Переглянулись в смущенье князья Ряполовские и воеводы, понимали они, что за одними стенами без силы человеческой не спасешься. Известно им было, что приверженцы великого князя — шурин его, князь Василий Ярославич, и воевода московский, князь Семен Иванович Оболенский, — бежали в Литву, а к ним потом прибежал и другой воевода Василия Васильевича — Федор Басёнок, а царевичи татарские, Касим и Якуб, были неведомо где…
— Благослови нас, владыко, думу думать, — сказал главный воевода, Василий Оболенский, — а сего ради повтори нам еще раз, что Шемяка сулит и в чем крепость слов его?
Иона, помедлив немного, ответствовал:
— Вникните в речи мои, ибо добра и блага хочу великому князю Василь Василичу и семейству его. Митрополит Фотий за великого князя с отрочества его радел и в борьбе за московской стол был за Василья Василича и против его дяди, Юрья Димитрича Галицкого. Так и аз ныне со всей святой церковью выступлю против Шемяки, сына князя Юрья. Ведомо сие Шемяке, и, думая лихо на княжичей сих, страх он имеет пред народом и отцами духовными. Посему призвал меня он на Москву, обещал мне митрополию, дабы помочь ему противу гнева народного и дабы крепче ему на Москве сидеть. Призвав же мя, так начал глаголити мне: «Отче, плыви на ладьях, благо реки оттаяли, в епископию свою, до града Мурома, и возьми тамо детей великого князя на свою епитрахиль,[74]
привези их ко мне, а яз рад их жаловать. Отца же их, великого князя Василья, выпущу и вотчину дам ему достаточную, дабы можно ему с семейством жить, ни в чем нужды не ведая». В том пред богом мне клятвы дал.Поклонились молча владыке Оболенский и все Ряполовские и молча же пошли к дверям. Грустно смотрел им во след владыка Иона. Видя и слыша все это, снова стали тревожны княжичи. Опустив головы, стояли они, не двигаясь, около дядек своих, позади маленького попика Иоиля…
Когда ушли все, владыка взглянул светлыми своими глазами на княжичей и на отца Иоиля, и ласков был взгляд его.
— Сядьте, — тихо молвил он и, закрыв глаза рукой, оперся на стол, будто в дреме от дорожной усталости.
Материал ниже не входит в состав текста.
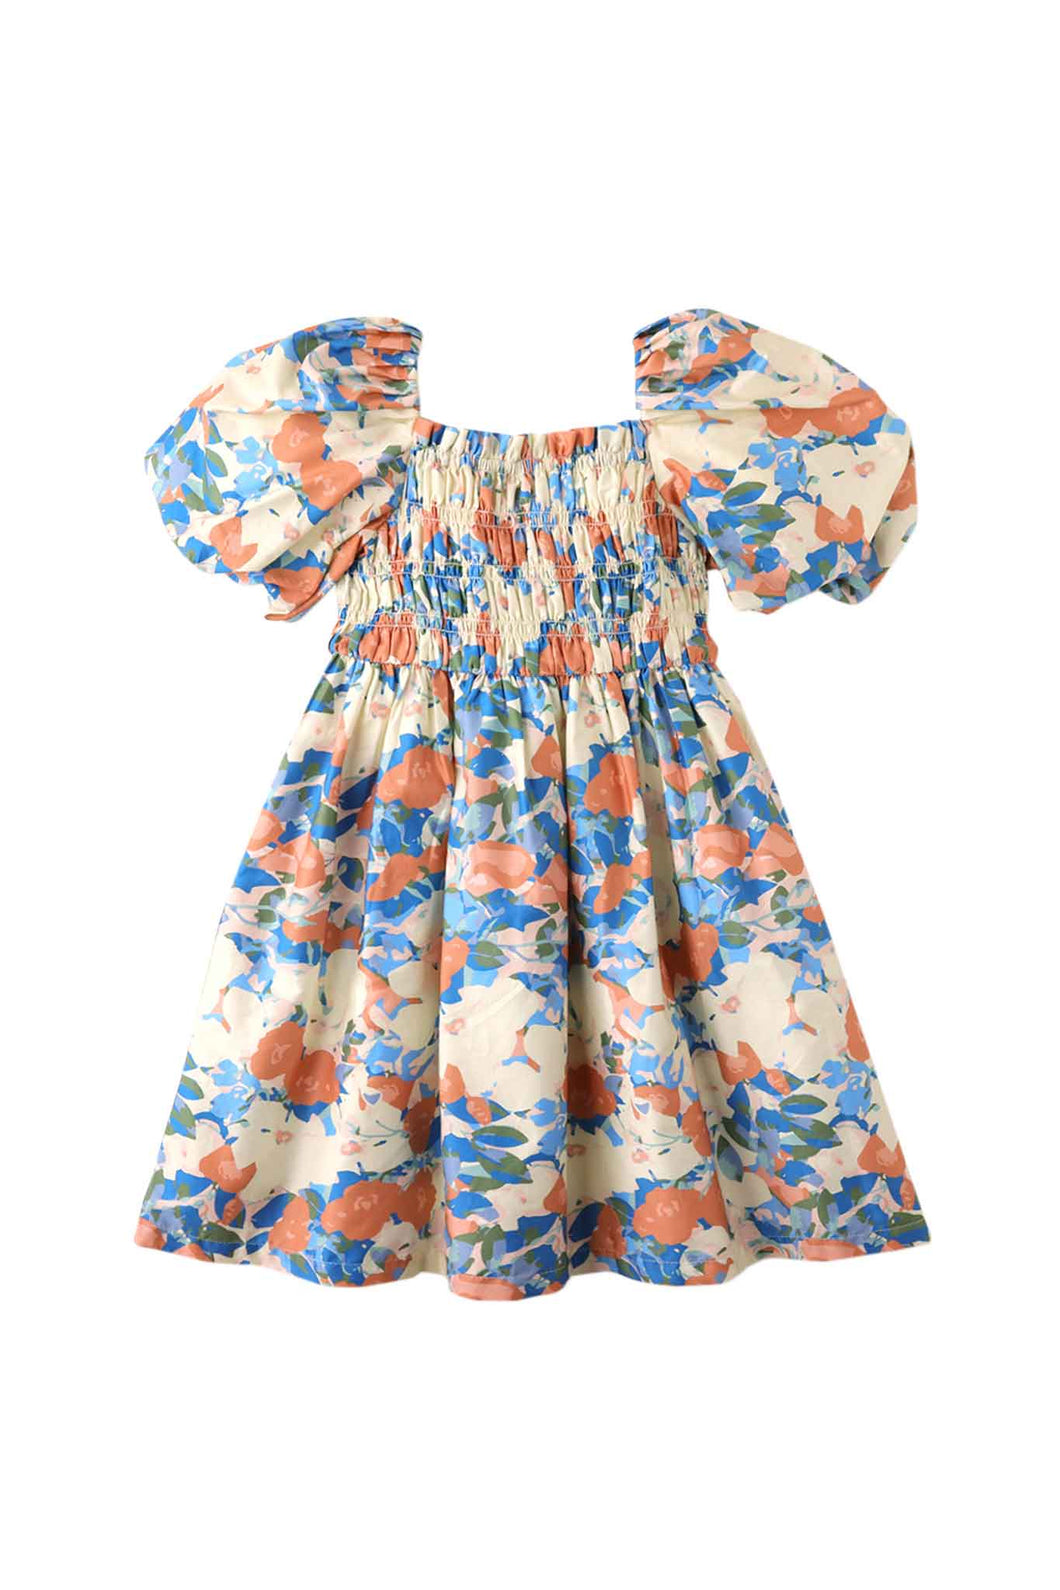 Gingersnaps Toile Print Dress with Smocked Bodice & Bubble Sleeves

Затаились все в трапезной, а пред очами владыки, словно сон и видения, понеслось все, что видел он на Руси и о чем думал со скорбью и мукой.
— Как святитель Фотий в зовещании пишет, — без слов шептали его губы, — так и мне от святительства непрестанно горечь едина от слез и рыданий, от трудов и тягостей…
Вспомнилось, сколько Фотий муки принял, утверждая на престоле московском малолетнего князя Василия. Побороли тогда дядю его, Юрия Димитриевича, а ныне вот Юрьичи растерзали всю Русь усобицами, а кругом татары еще крепки. У самого края земли русской засели ливонские рыцари, и далее враги есть — шведы, а тут литовцы и поляки, еретики-униаты, из-под руки папы все время православью грозят.
Вздохнув, владыка о великом князе вспомнил и опять зашептал безгласно, одними губами:
— Добр, ласков и чадолюбив, а в злобе яр непомерно. Очи Косому вынул, ныне вот самого господь наказал. Как дитя малое, токмо то ведает, что круг него, а вдаль и смотреть не хочет — и не от скудости разума, а из прихоти своей…
Губы владыки перестали шевелиться и дрогнули мимолетной улыбкой. — «В одном господь укрепил его разум, — подумал он с умилением. — Тверд в вере православной, не то что цари и патриархи цареградские. Не склонил его ни папа Евгений, ни папист богомерзкий Исидор…»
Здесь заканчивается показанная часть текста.